As we have built Apigee Edge, and would like to be considered in the hundreds (after all, we do more than 300 billion calls/year with five 9s of availability for thousands of our customers in a Chaos Monkey environment), we’ve also realized that it has taken us more than four years to get here, and the lessons we have learned are impossible to learn in less time and at a smaller scale. That’s why few get to this point. I’m not talking of computer science principles here (though there are plenty of them too, but that’s a topic for a separate blog post).
There are five things that are very difficult to get right in any large-scale distributed system built by a dev team of more than 50.
Dev is fun. Creating something out of nothing is, in my mind, the purest form of art. Ops is bloody. DevOps is great in theory, but very difficult in practice. Your most creative minds create; they don’t operate. Pager duty? Yuck.
The classic iterative model fails miserably at scale. “Let us first build the system using an RDBMS, and later on we can switch the RDBMS to be Cassandra.” It doesn’t work that way. First, the abstractions aren't clean enough to be switchable. But more importantly, the application semantics that consume the persistence come to rely on the underlying system. To scale, one must anticipate scale. That is very hard.
Change at scale is not easy. One can lock down the system and satisfy the safety property of systems—or so people think. In fact, there have been some excellent writeups about how locking down is actually antithetical to safety, but this is a difficult lesson to learn. Trial by fire isn’t easy. But the progress property is even more difficult. How does one innovate, and let one’s customers innovate, and yet keep things running? At Apigee, we do hundreds of changes every month, our customers deploy thousands of new APIs every month, and the infrastructure keeps changing underneath us. Yet guaranteeing availability, scale, and latency for our customers’ APIs is a task that we have learned carefully.
A common style of development teams is “let’s focus on features and the cost will work out by itself.” We have found this to be helpful: ask each team what the baseline cost is (for example, if one is building persistence on AWS, start with the AWS GB/month cost). Now do a layering, and tell us what each added functionality costs. Without this, it is all jumbled; it’s no way to build distributed systems at scale.
This, of course, is not technology, though technology helps. Clean APIs between team microservices help.
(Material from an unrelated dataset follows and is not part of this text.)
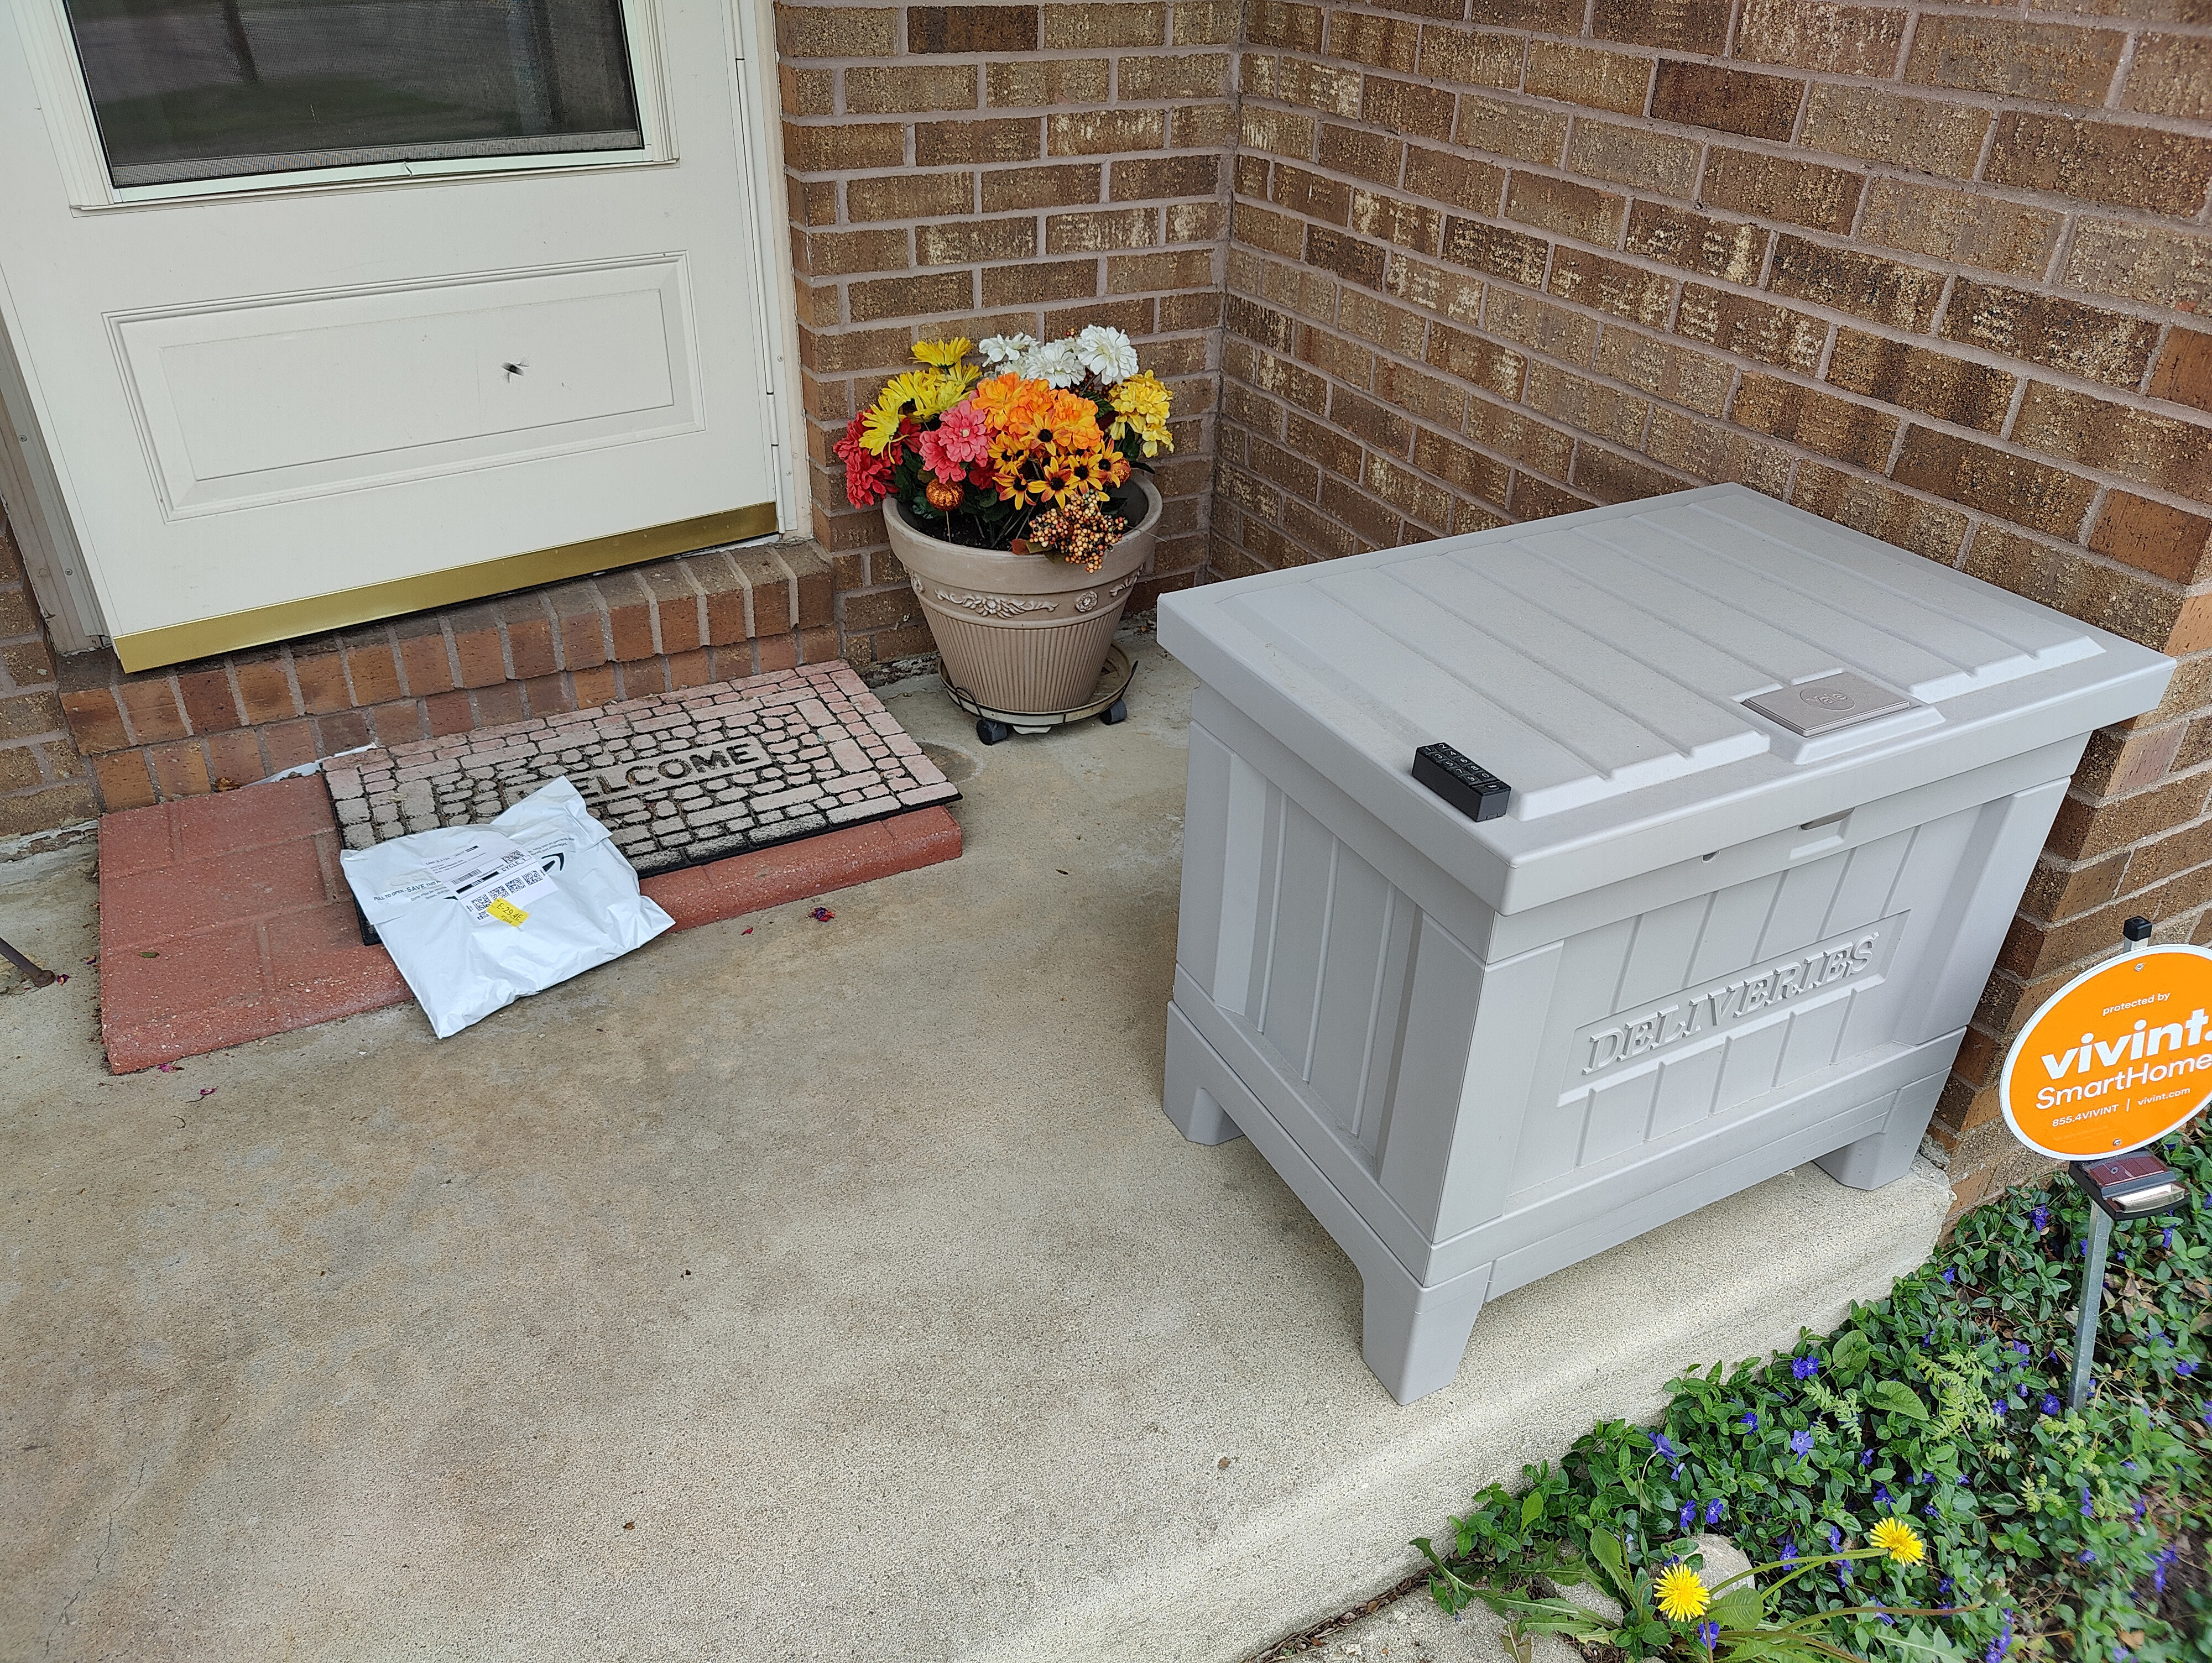 An Amazon package sits on the front porch near the Yale Smart Delivery box,.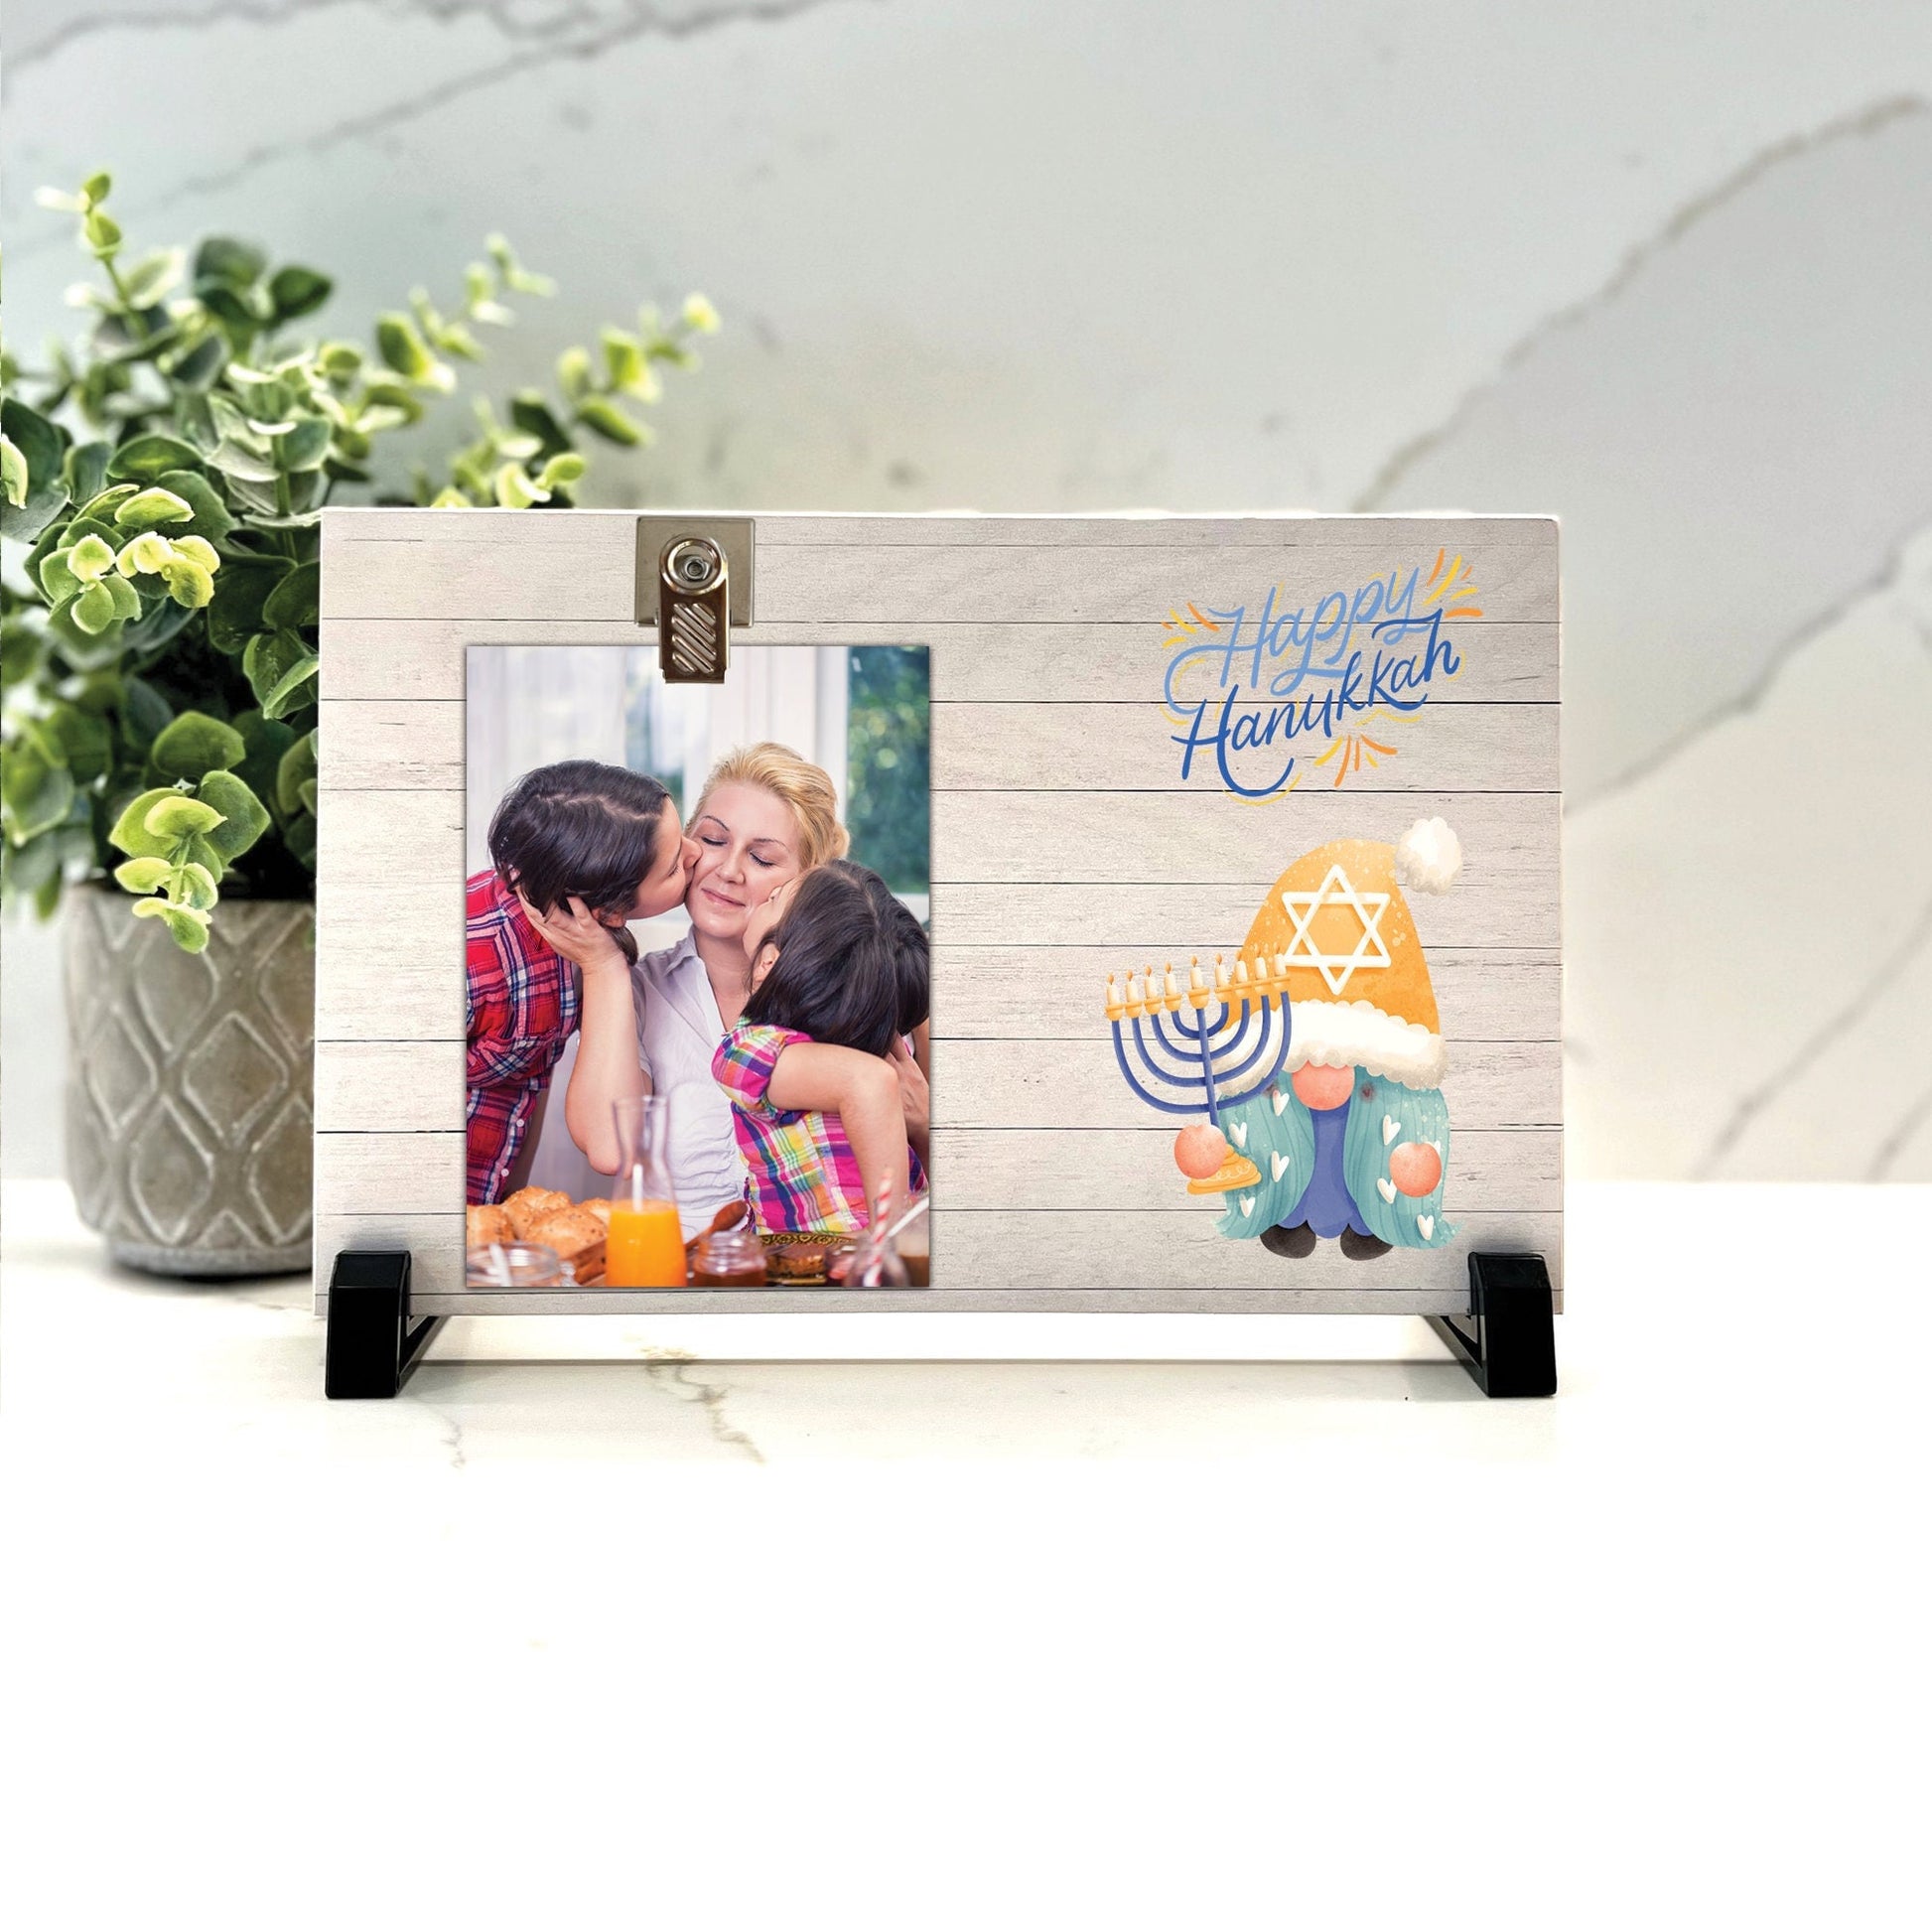 Customize your cherished moments with our Hanukkah Picture Frame available at www.florida-funshine.com. Create a heartfelt gift for family and friends with free personalization, quick shipping in 1-2 business days, and quality crafted picture frames, portraits, and plaques made in the USA."

But dependencies naturally arise—at the very least, when some teams are providing platform services—such as core persistence services at Apigee. Furthermore, there are always tensions: commonality of skills (can one team use MySQL and another, Postgres?) or common look and feel (do you want your surface area to look like Frankenstein?).
“Architectural committees” are considered anathemas. There is no magic wand here—it all depends on your culture and your skills. I am not going to recommend a preferred way. Suffice it to say, though, if you do not get this right, you cannot sustain your play.
Eventually, we will get into the top 10, but that is still a few years away, with many more lessons to be learned.